───── DATA BELOW

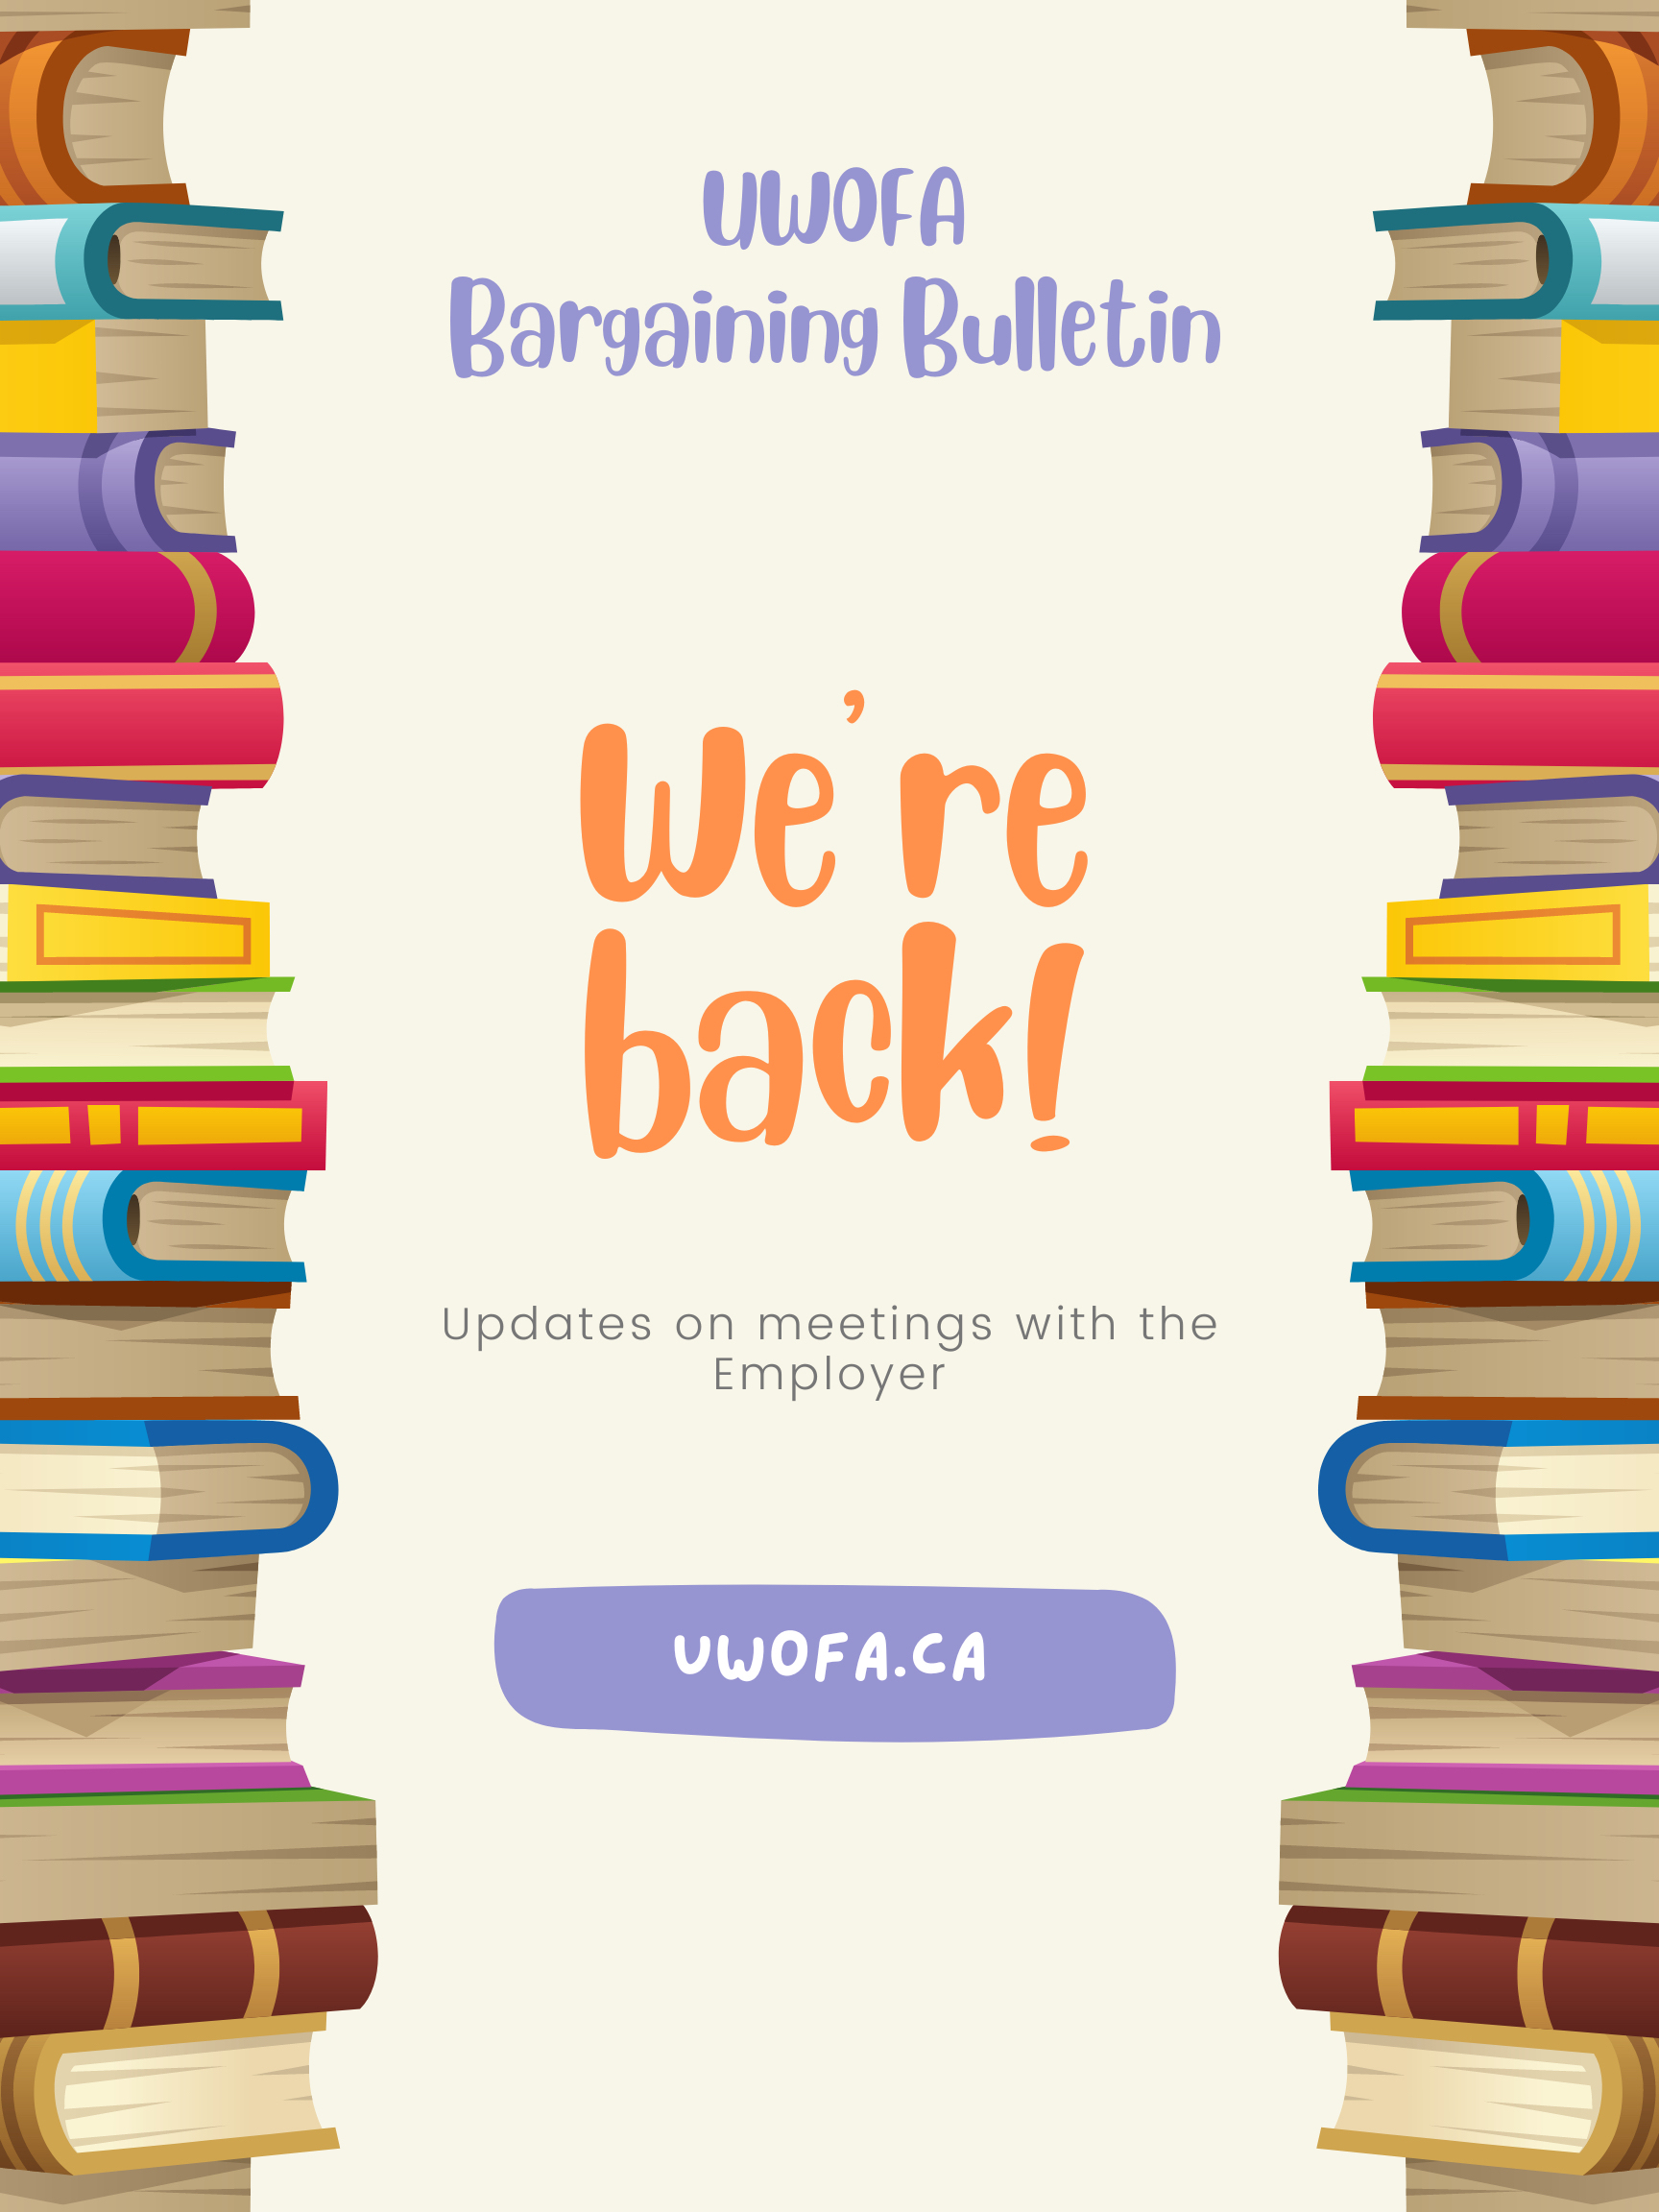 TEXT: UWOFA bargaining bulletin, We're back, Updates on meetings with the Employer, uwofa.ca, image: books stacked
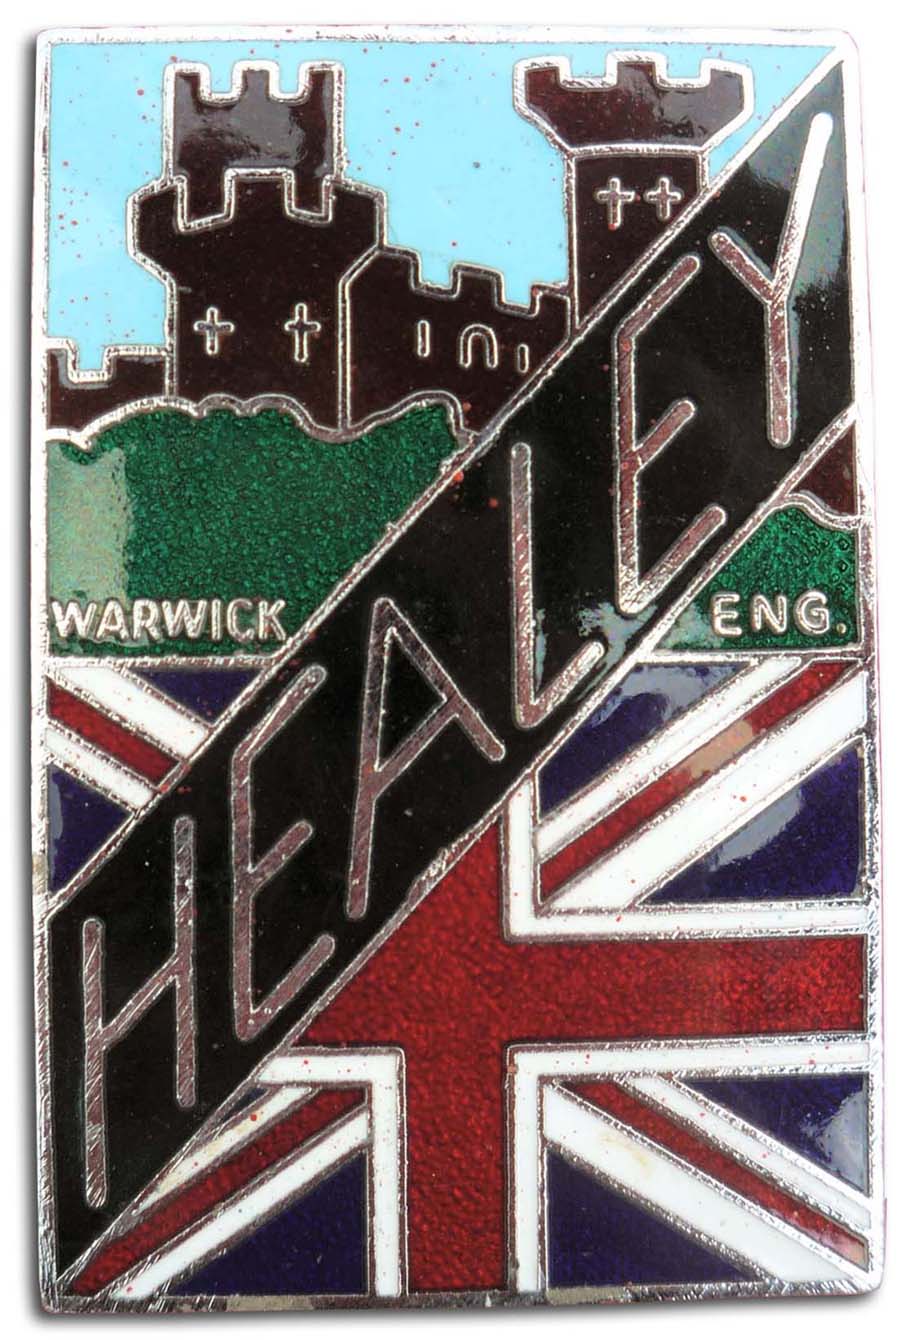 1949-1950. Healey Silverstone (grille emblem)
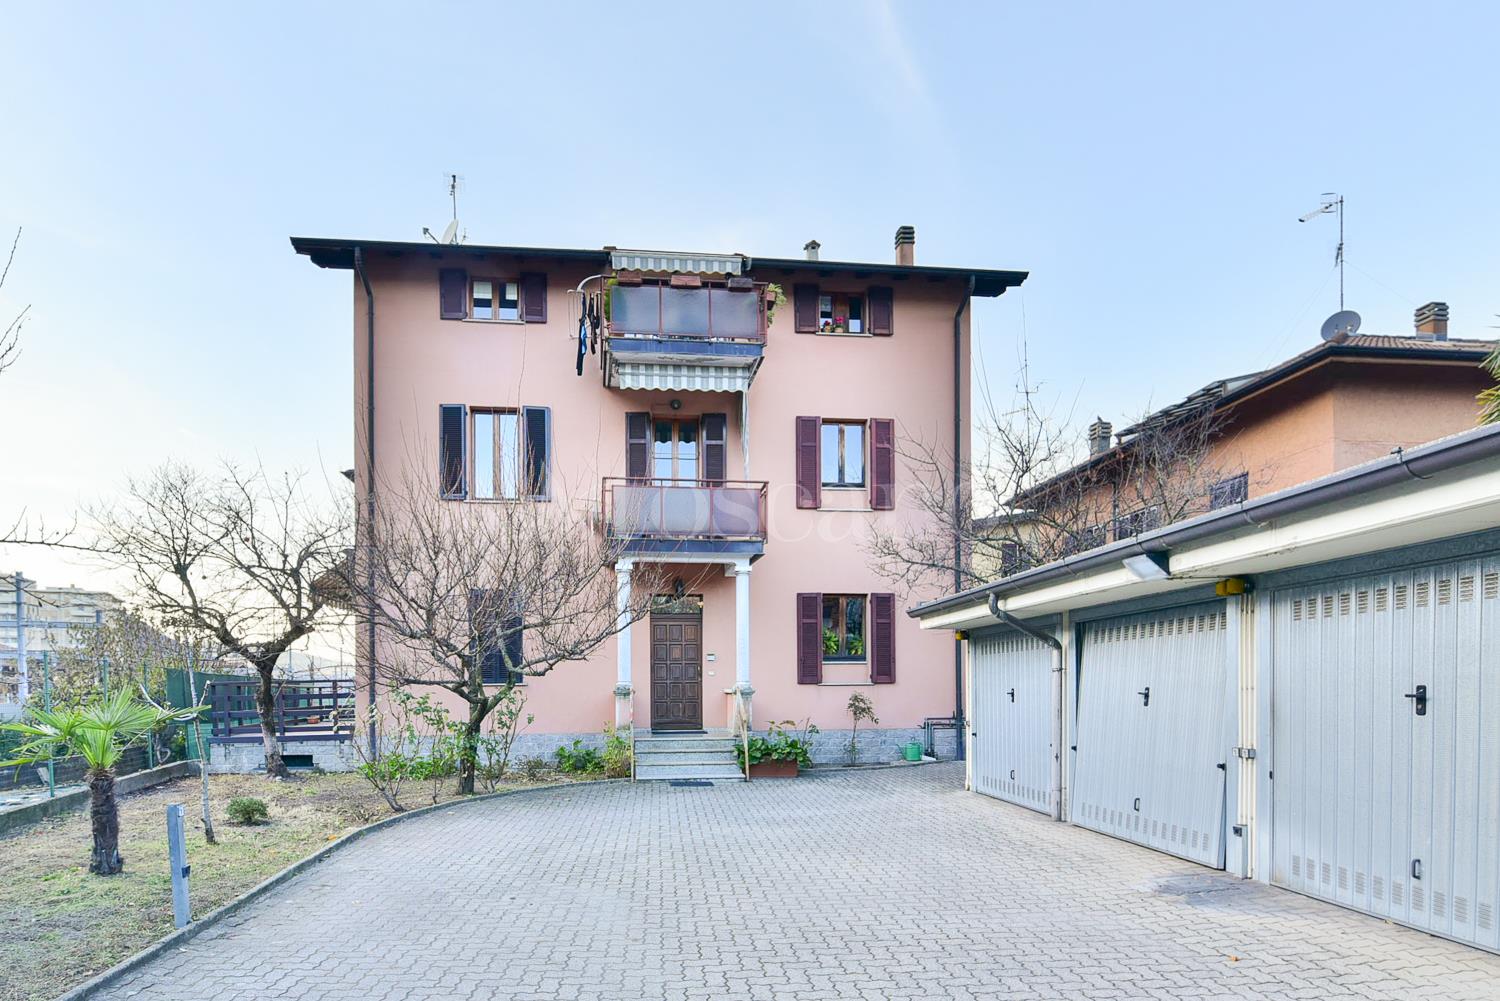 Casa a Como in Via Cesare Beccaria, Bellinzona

──────────

From the first line to the last, set down the data exactly, without the pictures.

*EXERCISE ANSWER:*
 TEXT: UWOFA bargaining bulletin, We're back, Updates on meetings with the Employer, uwofa.ca, image: books stacked
 1949-1950. Healey Silverstone (grille emblem)
 Casa a Como in Via Cesare Beccaria, Bellinzona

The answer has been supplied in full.